From the Corkscrew, you descend back down into the lakebed, around a left hand turn and then a right until you have one final, sweeping hairpin that separates you from the home straight. Opening up full, and we hurtled to our fastest speed on the track — all of about 125 km/h. Top speed in an actual race is often more than 300 through this same stretch. Our limitation wasn’t any caution on our part or limitation on the part of the race track organizers, however.
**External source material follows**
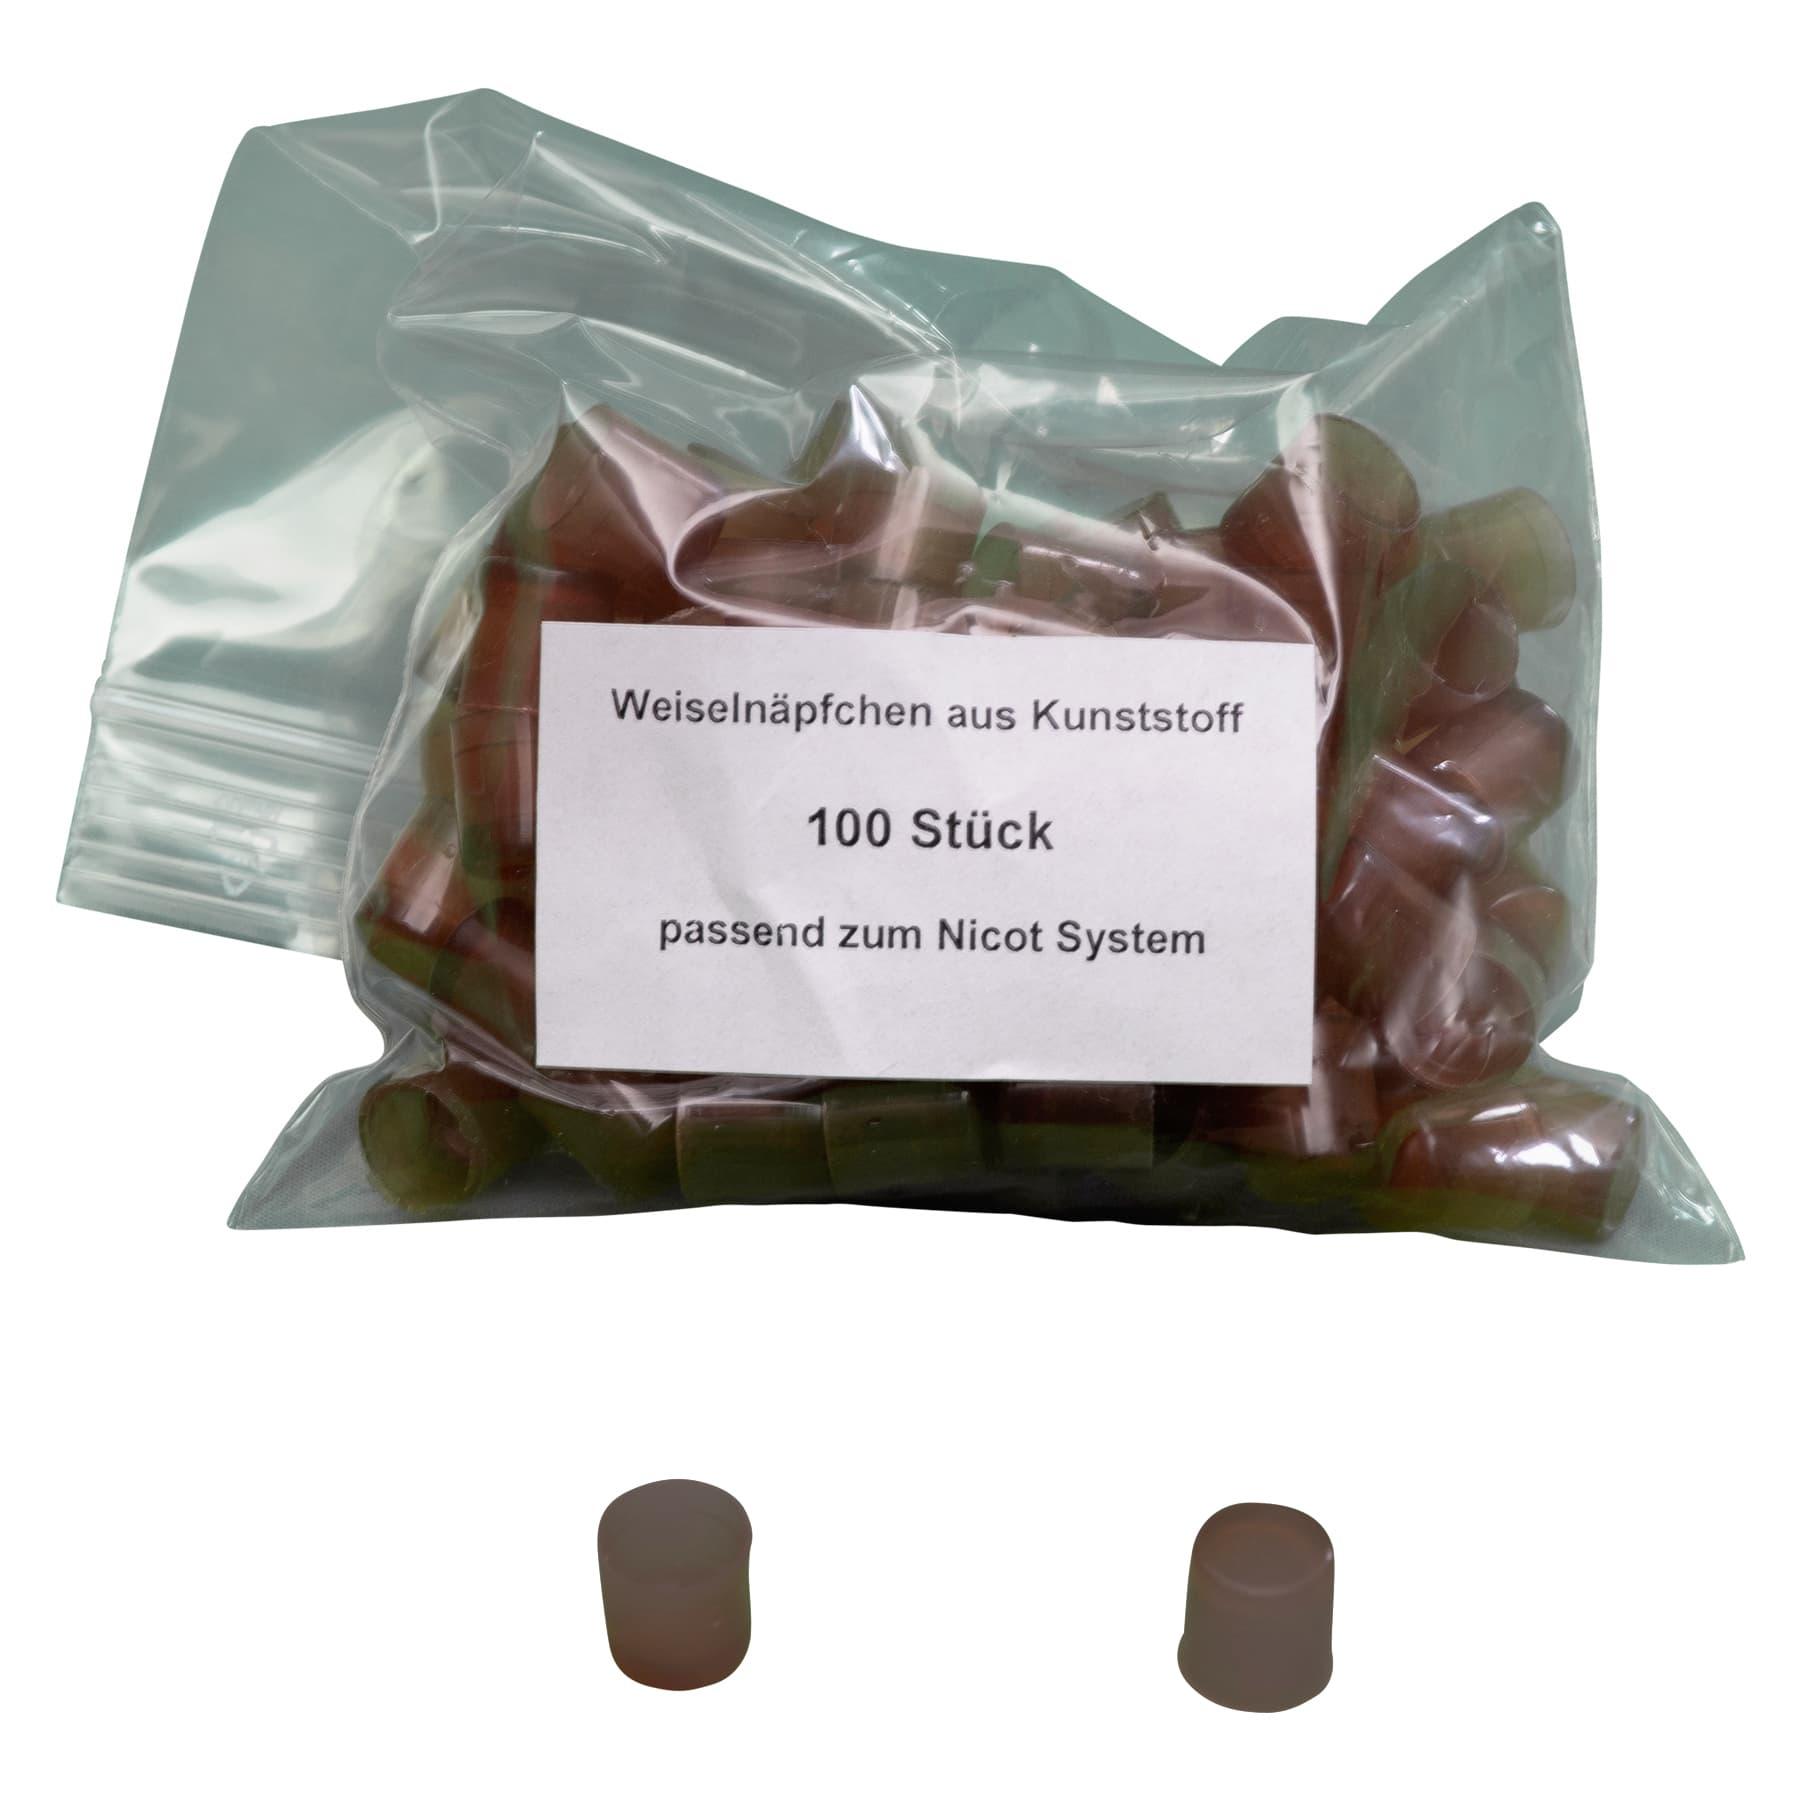 Weiselnäpfchen aus Kunststoff 100 Stück, passend zum Nicot System

It was simply as fast as you could get to before prudence and a healthy sense of self-preservation demanded that you start breaking heavily for the imminent tight hairpin that represents Turns 1 and 2. From top gear down to second, and with the bike leaned over at what felt like a ridiculous angle, we approached the sweeping right-hander that was Turn 3, followed by a similar right-hand bank at Turn 4. Lastly, a left-hand bend at the top of a gentle uphill rise brought us back to the point where we started. And I get to do this two more times!

What is astonishing, and not really obvious until you actually ride on it, is how narrow the track actually is. To leverage a (relatively) speedy motorcycle around the circuit, you are quite literally using most of the available track surface. There is a fairly narrow range of pavement that represents a safe line to follow. On the last lap before we were unceremoniously booted off so that the Honda riders could go out, I was leaning over further than I’d felt I had yet on the turns. And I’m doing nowhere near the speed that racers travel at. Nor was I jockeying for position to pass everyone else (although I did manage to pass a couple of slower riders). My respect for what actual racers take on in riding this circuit just went up immeasurably. I love motorcycling, without question. What it takes to race a motorcycle successfully, however, is something else entirely.

All of this, and I haven’t yet had my first cup of coffee of the day. Leaving the track, I head back through the backroads of Laguna Seca to the exit. This time, however, I’m going out the front gates, not the back ones. A steep descent into the valley, a right-hand turn on Highway 68 and I blend in with the rest of the traffic. While I may look like every other motorcyclist on the road (and there are certainly a lot of them here) this ride feels very different. Alessandro and I have been amongst the few that have actually ridden the circuit at Laguna Seca. We’ve launched ourselves down the Corkscrew and lived to tell the tale. We’ve ridden the same track that countless legends of motorcycle racing have pitted themselves against. And unlike the racers, we’ve then gone into Carmel to hunt for a good Americano. It doesn’t get much better than this.